ECLI:NL:RBDHA:2020:10152

Rechtbank Den Haag

Datum uitspraak
12 oktober 2020
Publicatiedatum
9 oktober 2020
Zaaknummer
AWB - 19 _ 7175
Instantie
Rechtbank Den Haag
Type
Uitspraak
Rechtsgebied
Bestuursrecht
Procedures
  • Eerste aanleg - enkelvoudig
Vindplaatsen
  • Rechtspraak.nl
AI samenvatting door LexboostAutomatisch gegenereerd

Gedeeltelijke openbaarmaking van documenten op basis van de Wob met betrekking tot dierenwelzijn

In deze zaak heeft de Rechtbank Den Haag op 12 oktober 2020 uitspraak gedaan in een geschil tussen Veehouderij [eiser] en het ministerie van Landbouw, Natuur en Voedselkwaliteit (verweerder). Het geschil betreft de gedeeltelijke openbaarmaking van documenten op basis van de Wet openbaarheid van bestuur (Wob) naar aanleiding van een informatieverzoek van RTL Nieuws. Verweerder heeft op 29 oktober 2018 besloten om de gevraagde documenten gedeeltelijk openbaar te maken, maar eiser heeft hiertegen bezwaar gemaakt. Het bestreden besluit van 2 oktober 2019, waarin het bezwaar ongegrond werd verklaard, leidde tot beroep bij de rechtbank.

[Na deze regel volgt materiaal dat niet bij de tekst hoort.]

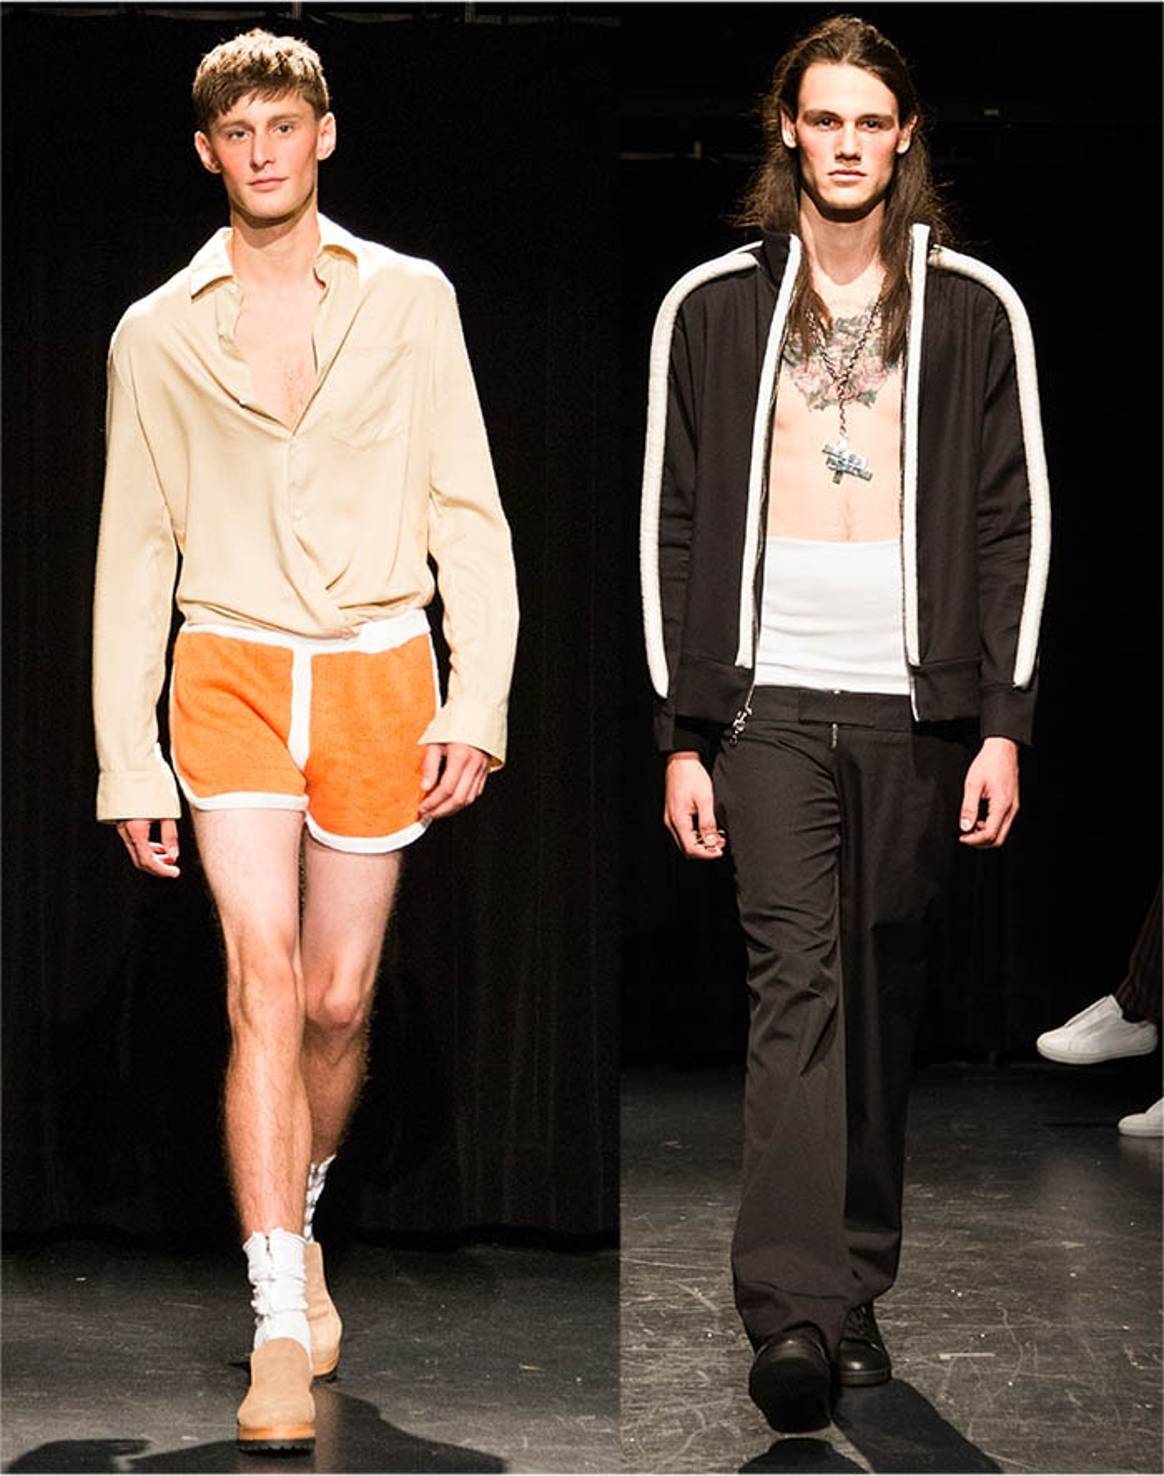 Linder goes against all things traditional about men's wear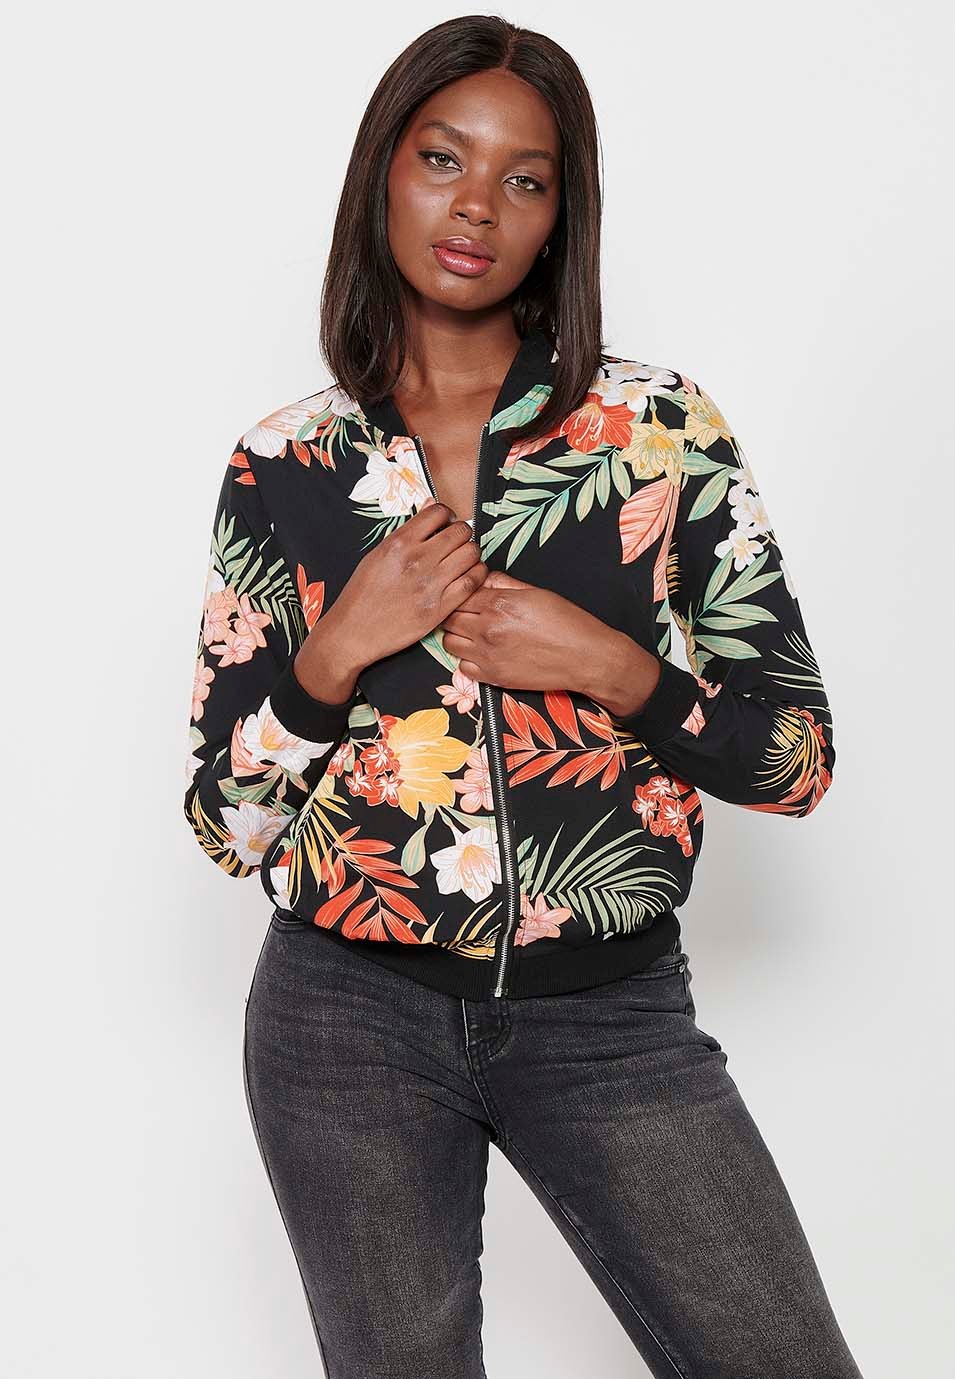 Long-sleeved sweatshirt jacket with ribbed finishes and floral print with front zipper closure in Multicolor for Women 3

De rechtbank heeft vastgesteld dat het geschil zich toespitst op de vraag of de nog leesbare informatie in de openbaar te maken stukken zonder onevenredige inspanning herleidbaar is tot eiser of zijn (voormalige) bedrijf. Verweerder heeft het belang van openbaarmaking benadrukt, met name in het kader van dierenwelzijn, en de rechtbank heeft geoordeeld dat het beroep ongegrond is. De rechtbank heeft ook overwogen dat eiser onvoldoende onderbouwd heeft waarom bepaalde informatie niet openbaar gemaakt zou mogen worden.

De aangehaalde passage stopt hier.